Echo un vistazo alrededor y la frialdad de mi apartamento me hiela la sangre. Las paredes, huérfanas de toda decoración, me muestran un blanco que, de tan puro, me asusta. Los cuatro muebles por los que no siento ningún apego se quedan aquí, para que sea el próximo inquilino quien decida tirarlos y no yo. Dos cajas y una maleta en la puerta me invitan a llorar. No poseo nada. Me pregunto cómo puede una vida permanecer vacía por tantos años. Nadie siente mi partida, no ha habido fiestas de despedida ni lágrimas. Treinta y cinco años que caben en dos cajas y una maleta. No sé si estoy huyendo ante la soledad de una jubilación inminente o busco desesperadamente un balón de oxígeno que me enraíce de nuevo a la vida. Me siento aterrada, pero si ella muere antes de verla una última vez, no me lo perdonaría. Hecha un mar de lágrimas me escondo tras mis gafas de sol, coloco holgadamente la maleta y las dos cajas en el maletero y arranco con rabia el coche, culpándolo, o culpándome, por no haber deshecho antes este camino, antes de que fuera demasiado tarde.

Al cruzar la frontera que separa mi tierra del mundo, me doy cuenta de que treinta y cinco años son demasiados. Vuelvo con la misma ansia con la que las aves migratorias llegan a las marismas cada año. Huele a mar y a montaña, a lluvia. También a leña y a las manos agrietadas de mi madre peinando mis trenzas. El verde del paisaje es tan intenso que cobra vida, moviéndose al compás del cuentakilómetros de mi vieja tartana gris.

Paro en una gasolinera y, escondida tras las gafas de sol, pido las llaves del baño. Me lavo la cara y todavía mojada, me miro al espejo. Soy una mujer vieja, no tanto en años como en pasado. Marché. Huí incapaz de perdonarle al mar la muerte de mi padre. Ninguna de las dos supo gestionar la tragedia, pero la más cobarde fui yo. Él ya estaba muerto, pero a mi madre la ha ido matando mi ausencia lentamente, con crueldad. El dolor la obligó a olvidar, hasta que la enfermedad borró todo rastro de una memoria desgastada. Quizá no quiera verme, o ya no pueda reconocerme. Mirándome al espejo la veo a ella. Siempre nos parecimos, pero ahora, mis facciones parecen calcadas a las de la Mariuca que permanece en mi nostalgia.

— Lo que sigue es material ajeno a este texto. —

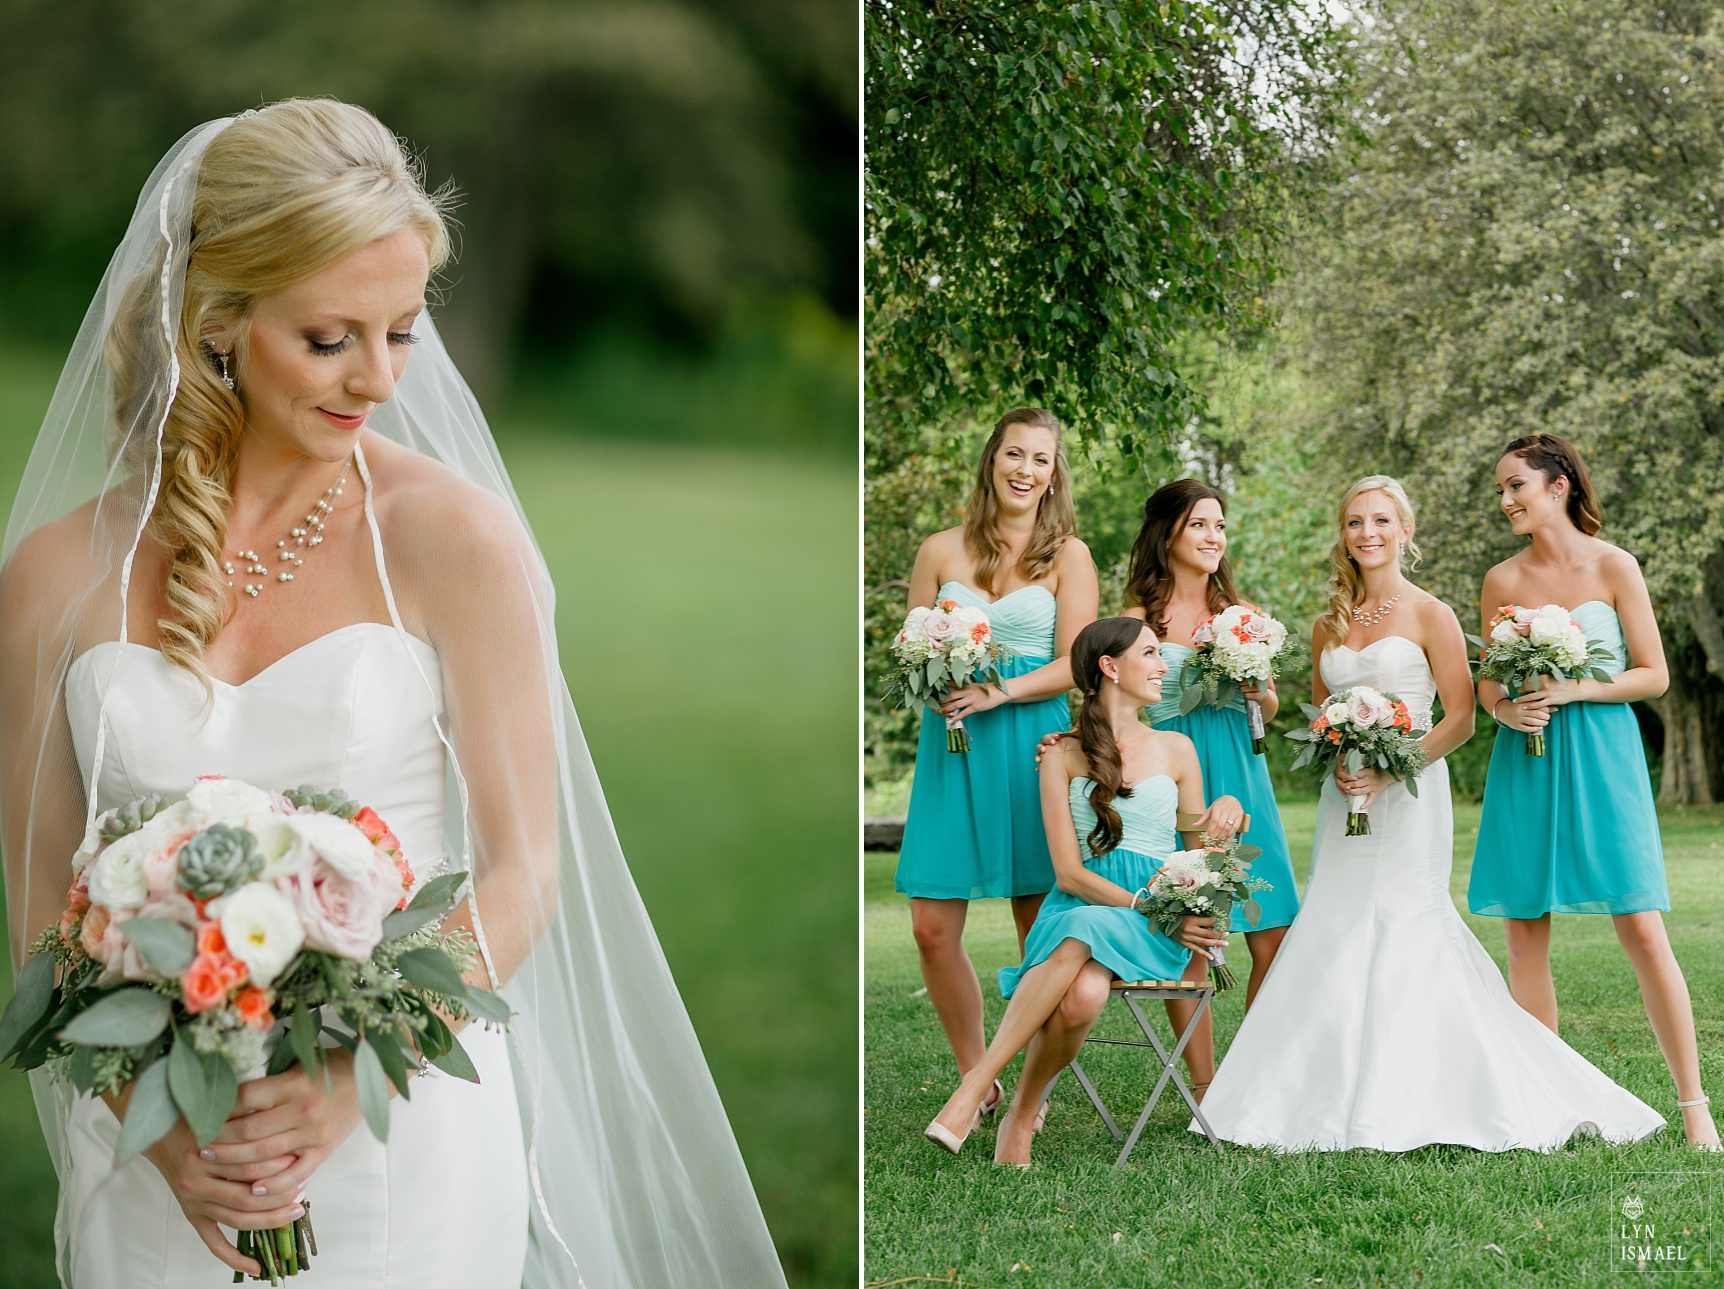 Beautiful bride with a long veil with bridesmaids wearing mint and aqua bridesmaid dresses.

Debo llevar horas desgastando la entrada de la residencia a golpe de pisadas nerviosas. No encuentro el valor. Unos pocos metros me separan de tocarla y mis manos parecen haberse vuelto de corcho. Respiro profundamente e inundo mis pulmones del aire frío de Santoña. Cruzo la verja a paso rápido, prohibiéndome la idea de desertar. Toco a la puerta y cuando estoy a punto de salir corriendo despavorida, me invitan a pasar. Me acompañan a una sala llena de personas que se vuelven invisibles ante mi indiferencia.

La adivino al fondo, en su silla de ruedas, frente a la ventana. Con pasos descoordinados por los nervios consigo torpemente llegar hasta ella. La distancia se me antoja interminable. Poco queda de aquella redera de naturaleza inquebrantable, no consigo contener las lágrimas. Me acerco a su oreja y me erizo al reconocer los pendientes que le regaló mi padre antes de que se lo tragara el mar. Se aferran a unos lóbulos cedidos por la edad.

“He vuelto a la tierruca, madre”, le susurro con una debilidad impropia de mí. No gira la cabeza, pero sus dedos inician movimientos automáticos y repetitivos, como cuando su vida eran las redes. Observo sus manos, maceradas toda la vida en el salitre del puerto, empapadas de humedad y deformadas por la artritis. La rigidez y el dolor de sus huesos no le permiten trabajar con soltura, pero recuerdo esos movimientos con los que hacía redes de más de ciento cincuenta metros, que a mis ojos de niña eran tan grandes que podrían cubrir toda la comarca de Trasmiera. Me acerco y le doy un beso en la mejilla, sobre una piel tan fina como el papel de fumar. Un solo beso me ha devuelto los recuerdos, la infancia. Siento un irrefrenable deseo de ovillarme a los pies de mi madre. Me siento en el suelo con dificultad y allí, apoyada en sus rodillas, lloro por fin la muerte de mi padre. Ella deja por un instante de tejer esa red en su recuerdo y acaricia a duras penas mi pelo con sus manos garrapiñadas. Sus caricias están llenas de amor y puedo sentir su perdón borrando treinta y cinco años de soledad.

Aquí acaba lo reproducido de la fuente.